Are you asking the wrong questions?

“Do we have the necessary experience and expertise?” is an important question to raise early on in any project. Or, to put it more bluntly, “Do we know what we’re doing?” The very discipline of project management itself is an area of personal knowledge and expertise—one that not everyone has.

Another question that is just as important but gets asked relatively rarely is, “What do we not know?” …about the customer, the technology, the target market, the ultimate user, or any of a myriad of other relevant issues…along with, “And how can we find out?”

We all have a tendency to focus on what we already know and understand and assume to be true of a situation. This tendency can cause us to overlook the vast number of things we surely don’t know until that unrecognized gap creates a problem for us.

The knowledge that team members bring to a project is valuable and important. It provides a range of possibilities and options and tools that can be used to solve problems and meet objectives. But too often we use our knowledge to determine what can’t be done, shutting down promising possibilities and new approaches prematurely.

That tendency to assume that we already have the answers, not only hampers innovation, it leaves us vulnerable to setbacks that might have been avoided if we had been more curious and imaginative.

Research by noted psychologist Dr.
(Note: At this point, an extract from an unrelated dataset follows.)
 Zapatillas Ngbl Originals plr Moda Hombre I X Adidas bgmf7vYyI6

Robert Epstein demonstrates that someone with experience performing a simple problem solving task typically requires time to adjust when the nature of the problem changes. In an exercise Epstein developed that I have adapted to use in some of my workshops, those with prior experience take longer on average to solve the second problem than someone who is only given the second problem to begin with. In other words, prior expertise can actually slow the discovery of new solutions. Knowledge as we commonly employ it has a tendency to reduce rather then enhance our mental agility. (Few of us find it easy to admit that we’ve been wrong.)
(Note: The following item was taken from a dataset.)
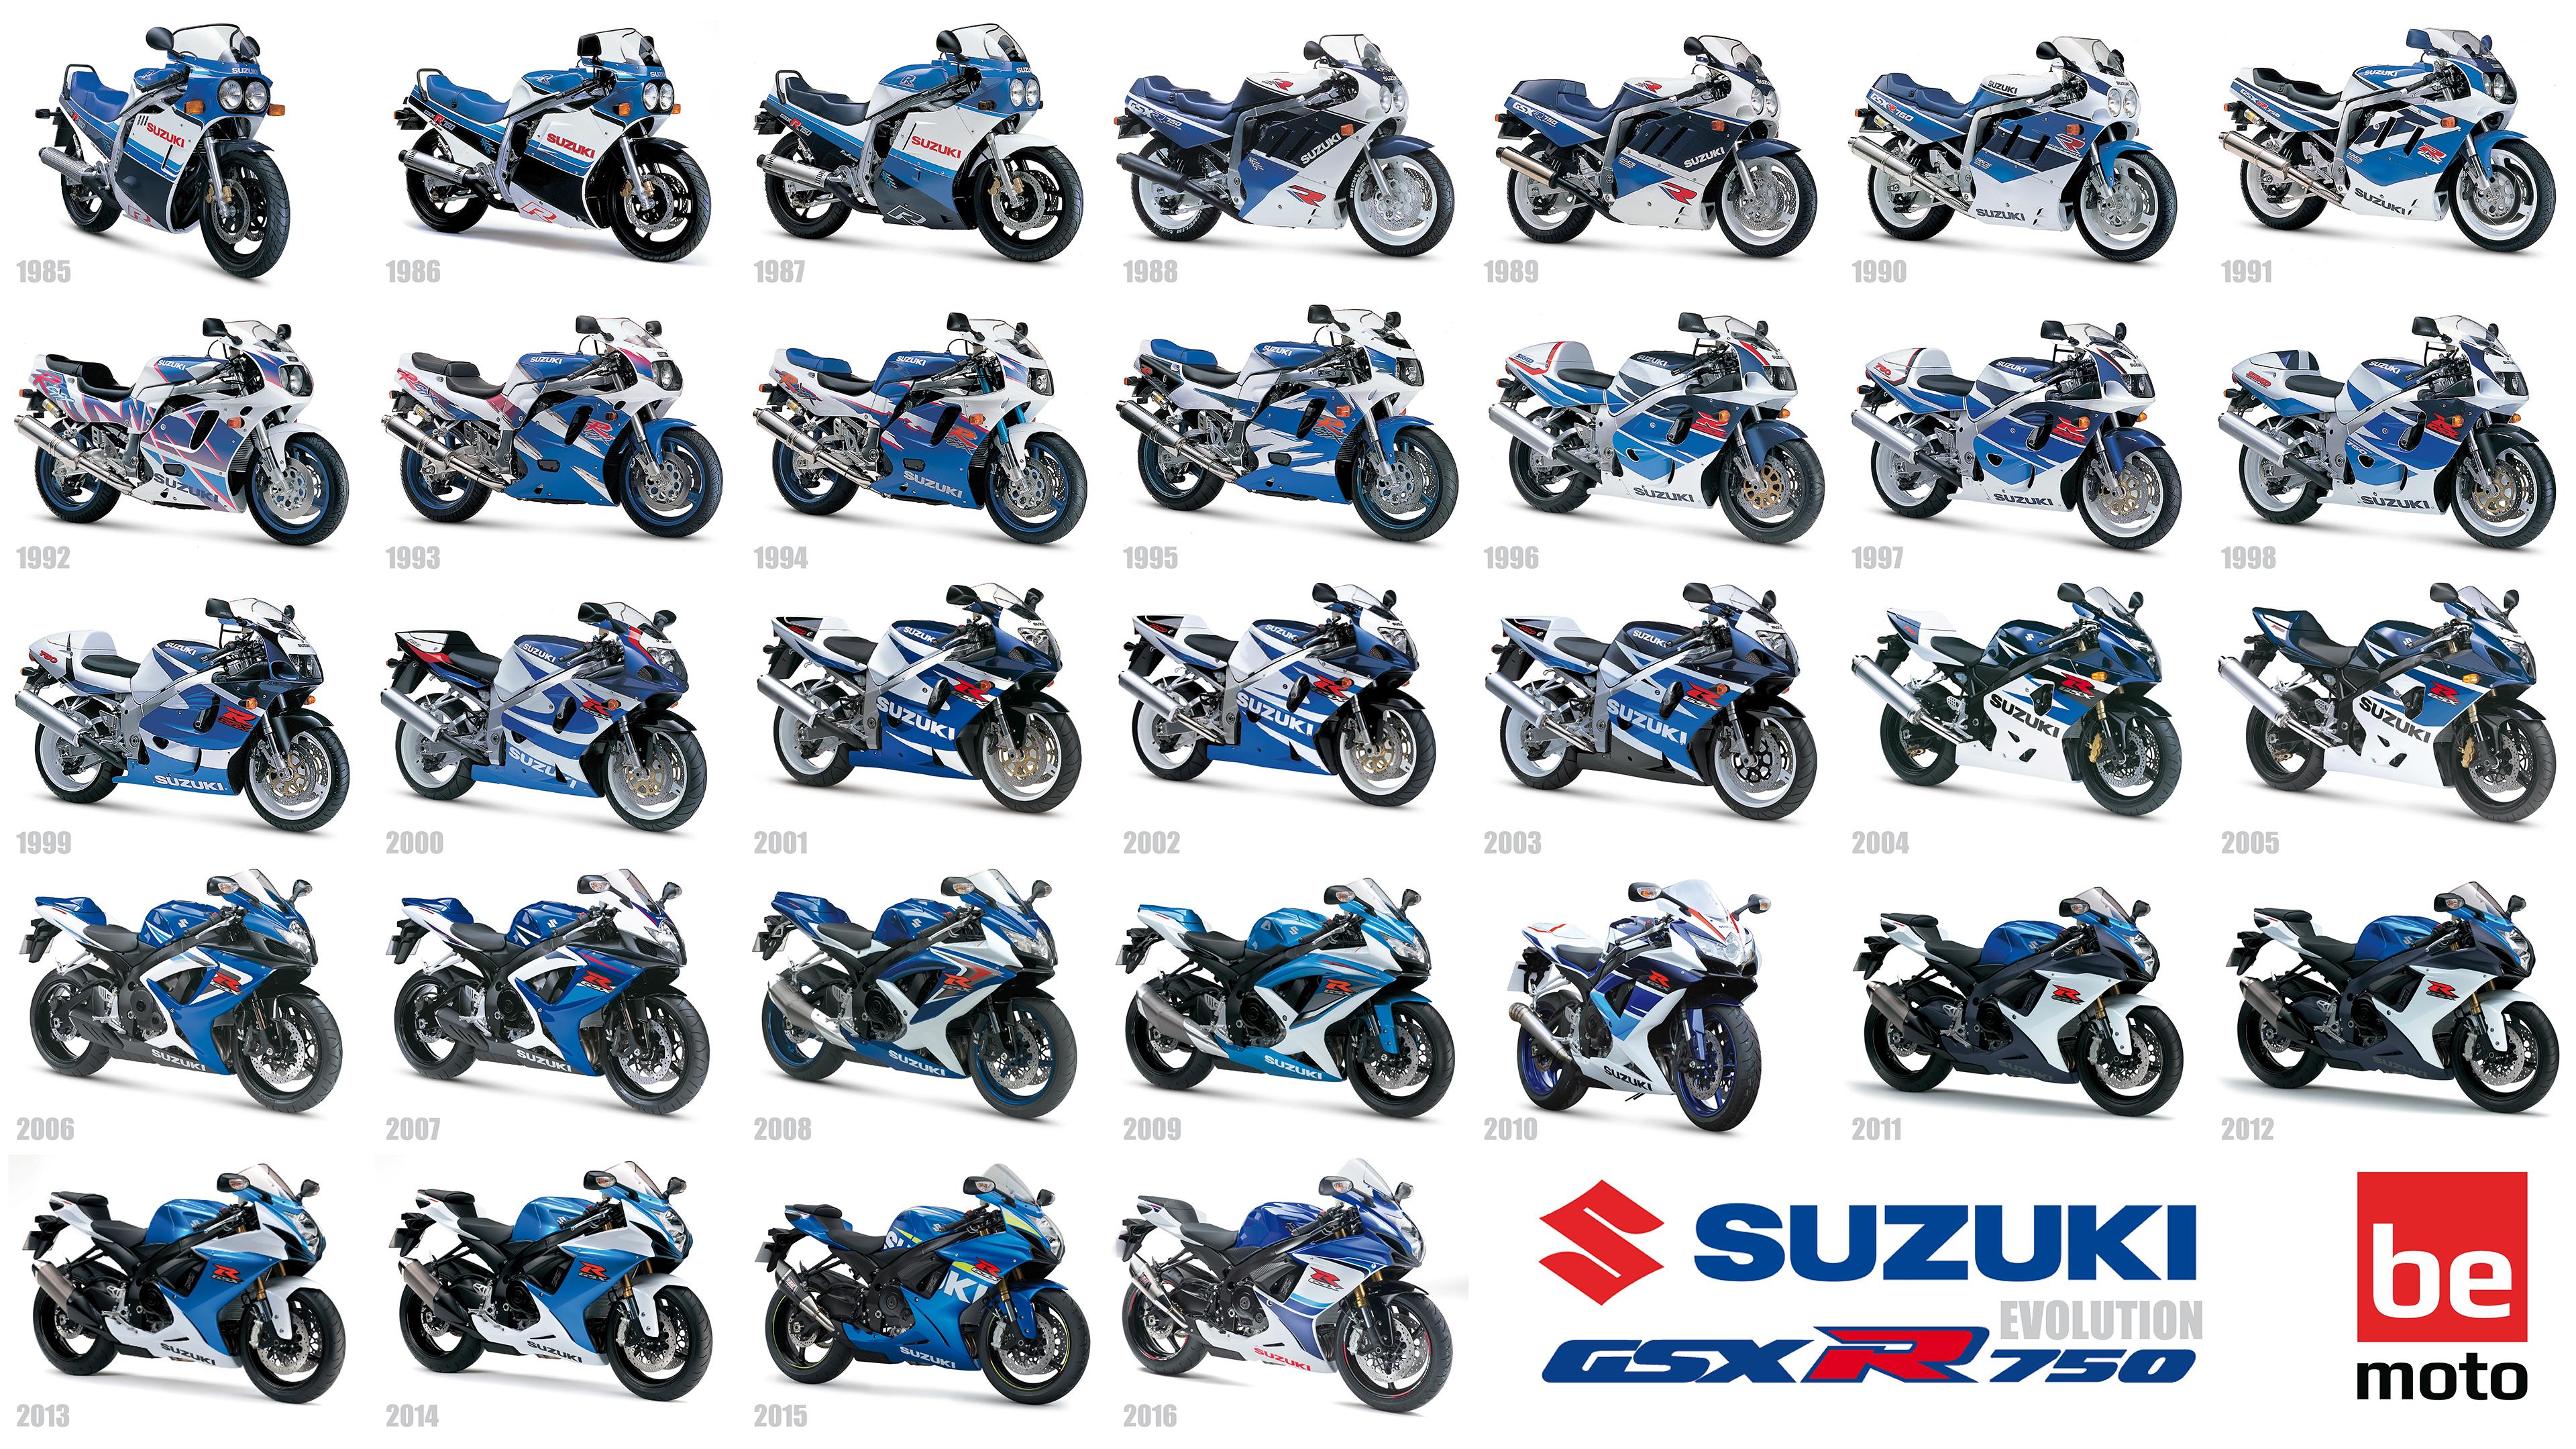 Suzuki History

Overcoming that tendency requires that we systematically maintain a dialogue that challenges each other early and often to:

  • Examine our assumptions
  • Clearly explain our reasoning
  • Clarify objectives
  • Imagine new possibilities
  • Experiment

and yes,

  • Raise lots of questions

Finding ways to overcome our assumptions and varying from standard practice puts us on a path to high value breakthroughs. Yet that’s where we often encounter the greatest resistance. We need to remind ourselves that the one thing we can never know for certain is what’s impossible.